▸ Data block
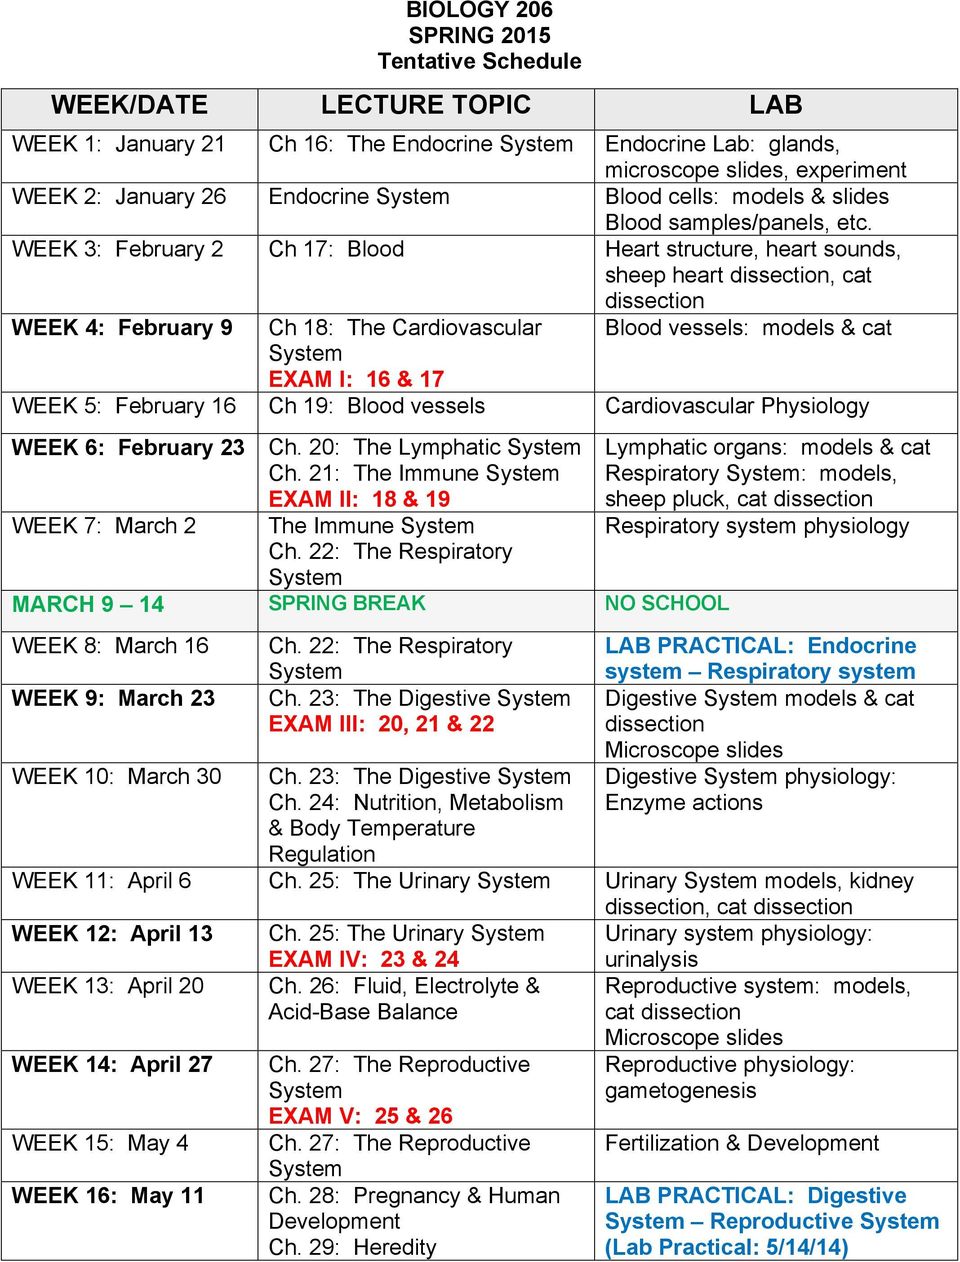 WEEK 3: February 2 Ch 17: Blood Heart structure, heart sounds, sheep heart dissection, cat dissection WEEK 4: February 9 Ch 18: The Cardiovascular Blood vessels: models & cat EXAM I: 16 & 17 WEEK 5:
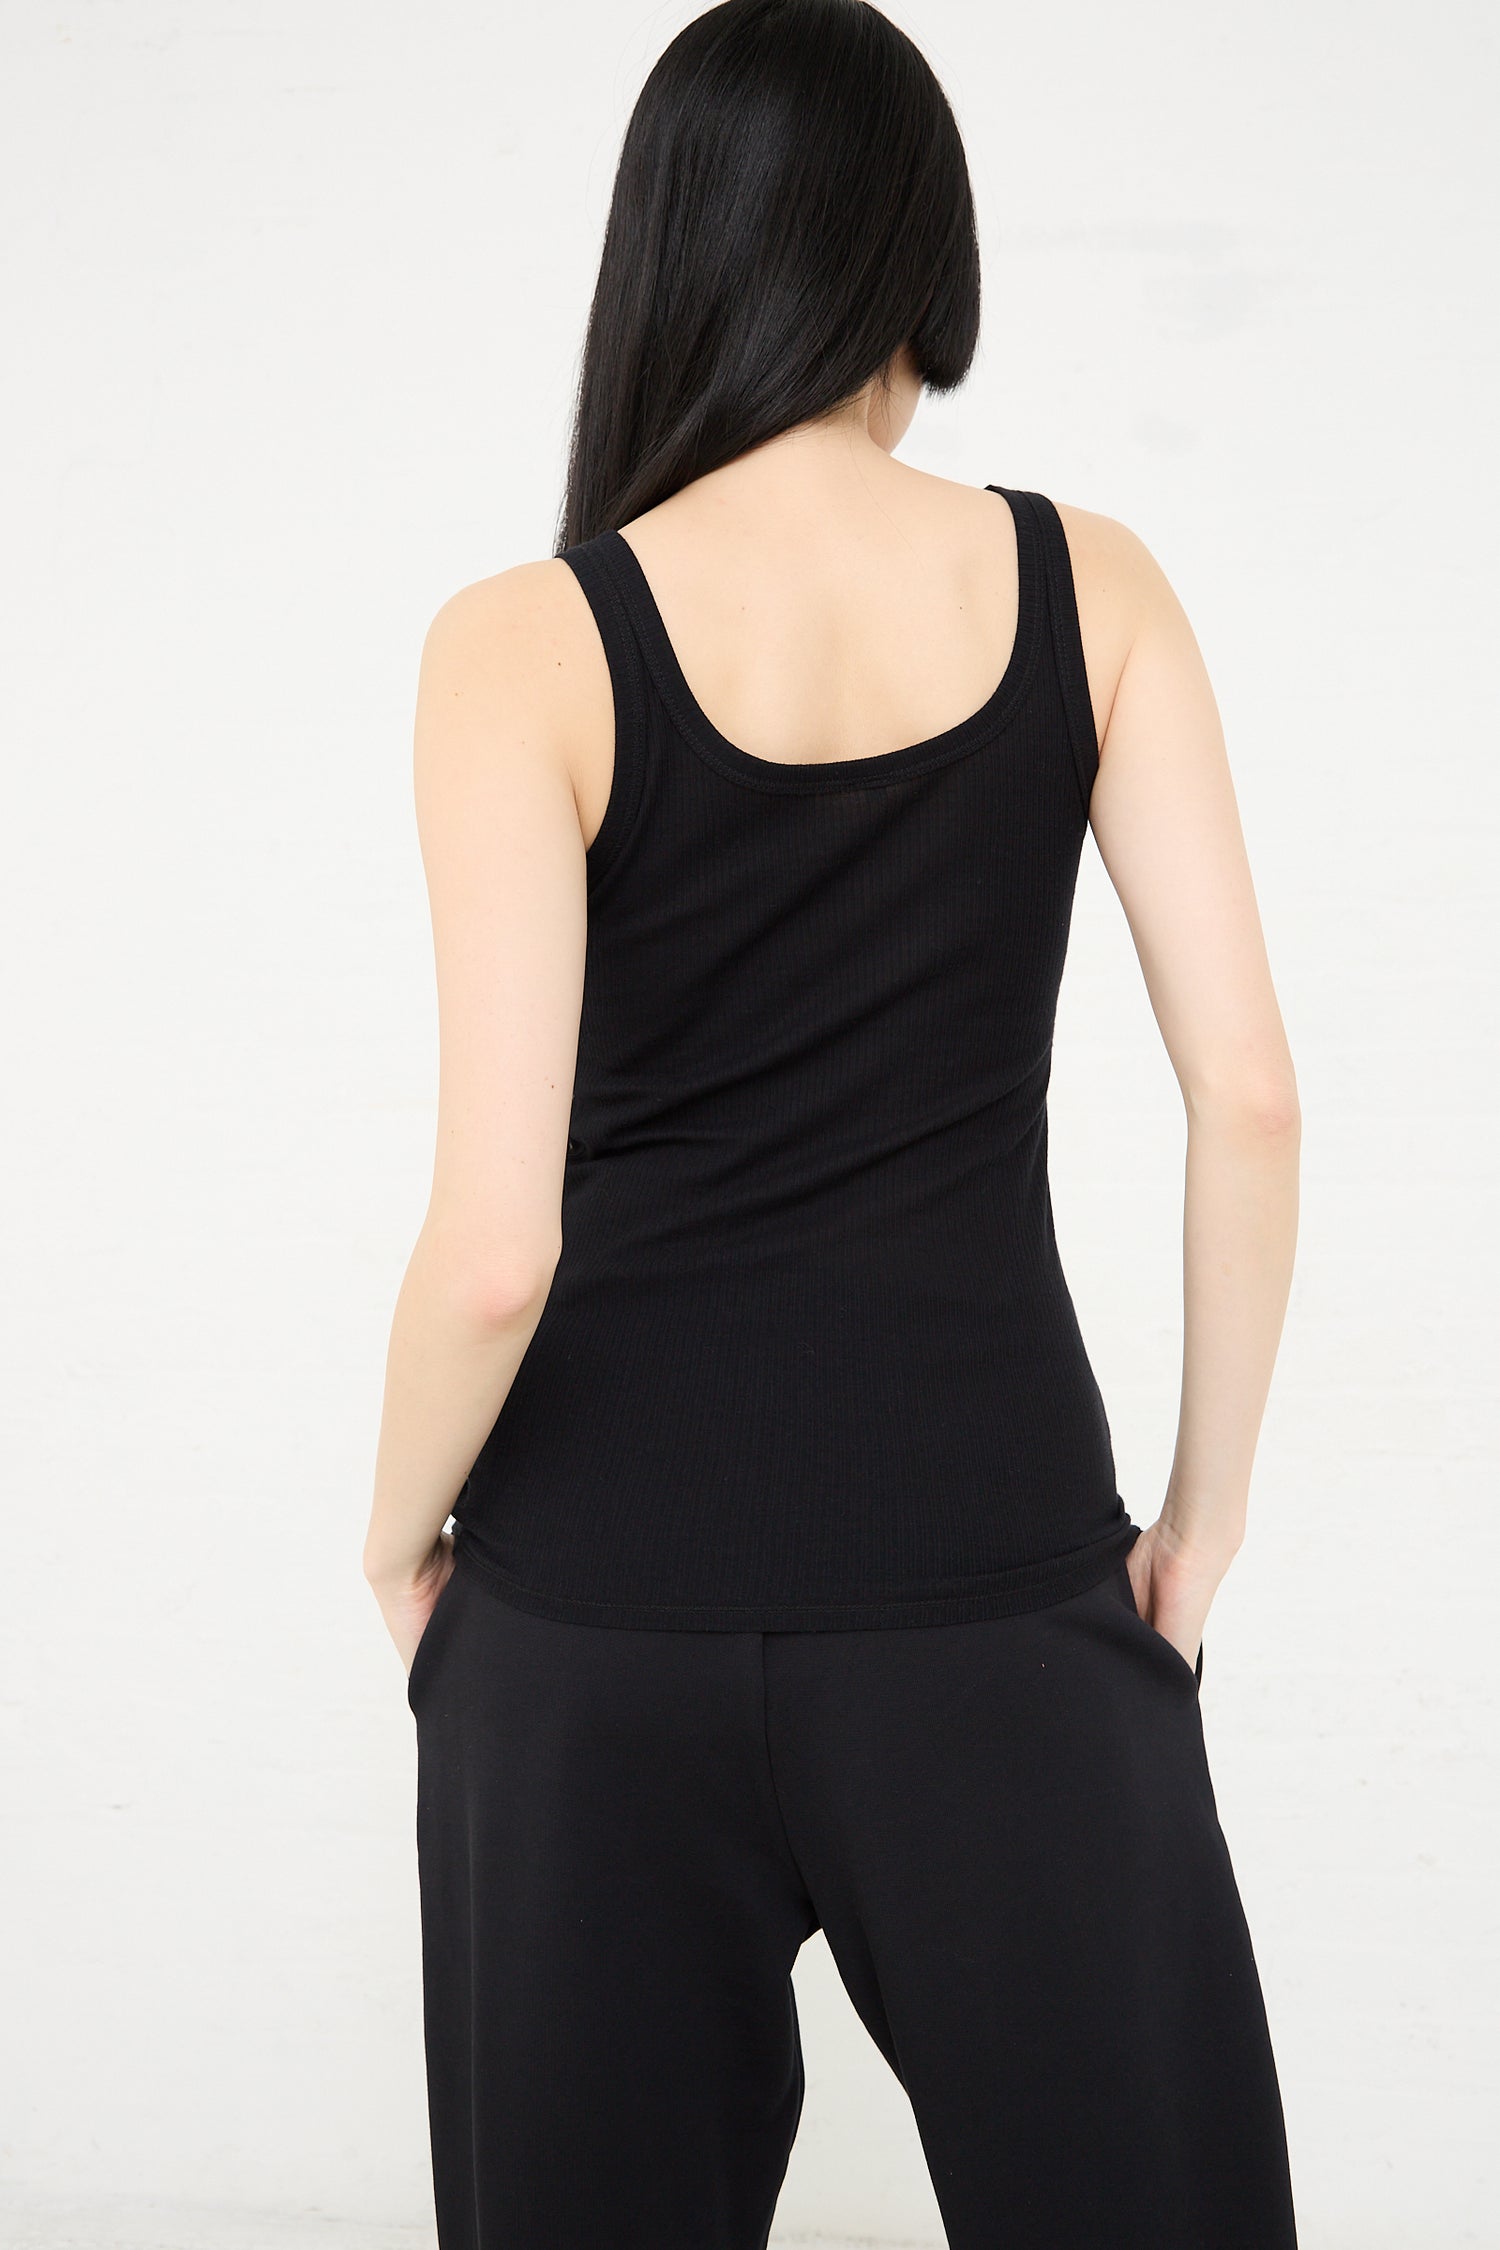 Woman from behind, wearing a Baserange Organic Cotton Rib Drive Tank in Black and black pants, standing against a white background.
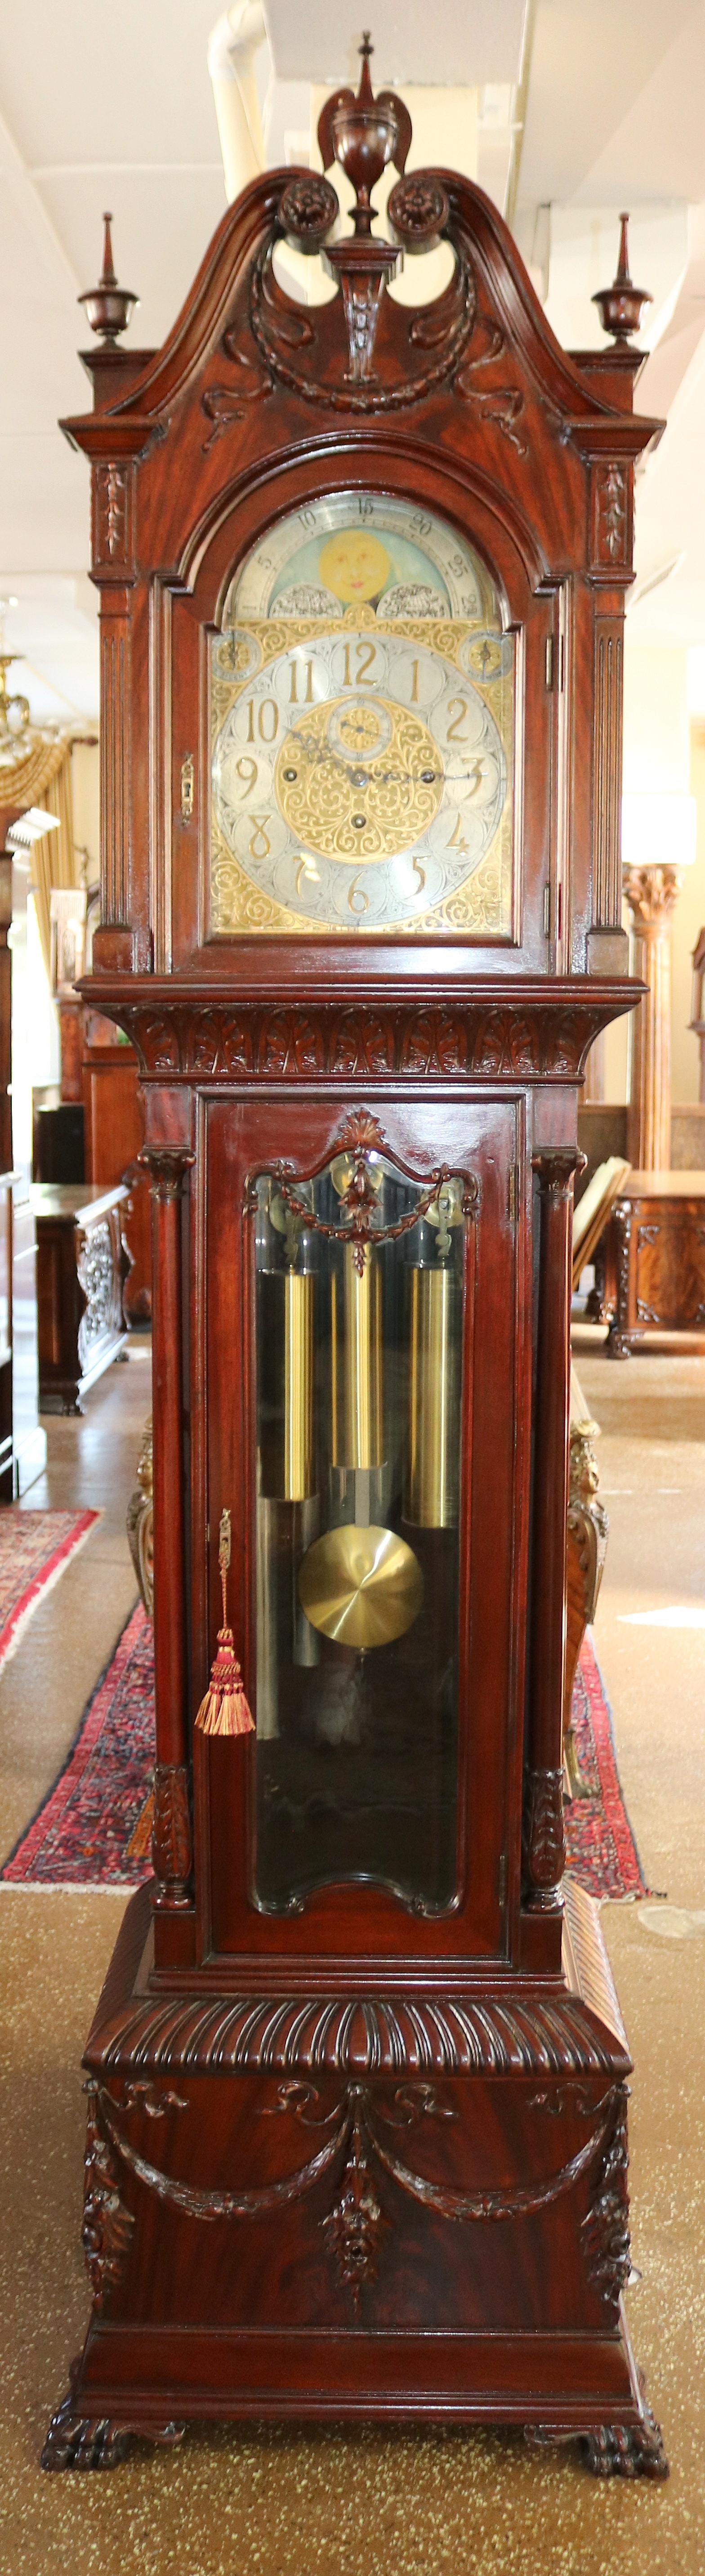 ​Late 19th Century Carved Mahogany 9 Tube Musical Tall Case Grandfather Clock

Dimensions :104

▸ What is being asked
Beginning with the line that contains "Case Grandfather Clock" and ending with the last line of the data, transcribe each line exactly; pictures stay out.

▸ Expected output
 ​Late 19th Century Carved Mahogany 9 Tube Musical Tall Case Grandfather Clock

Dimensions :104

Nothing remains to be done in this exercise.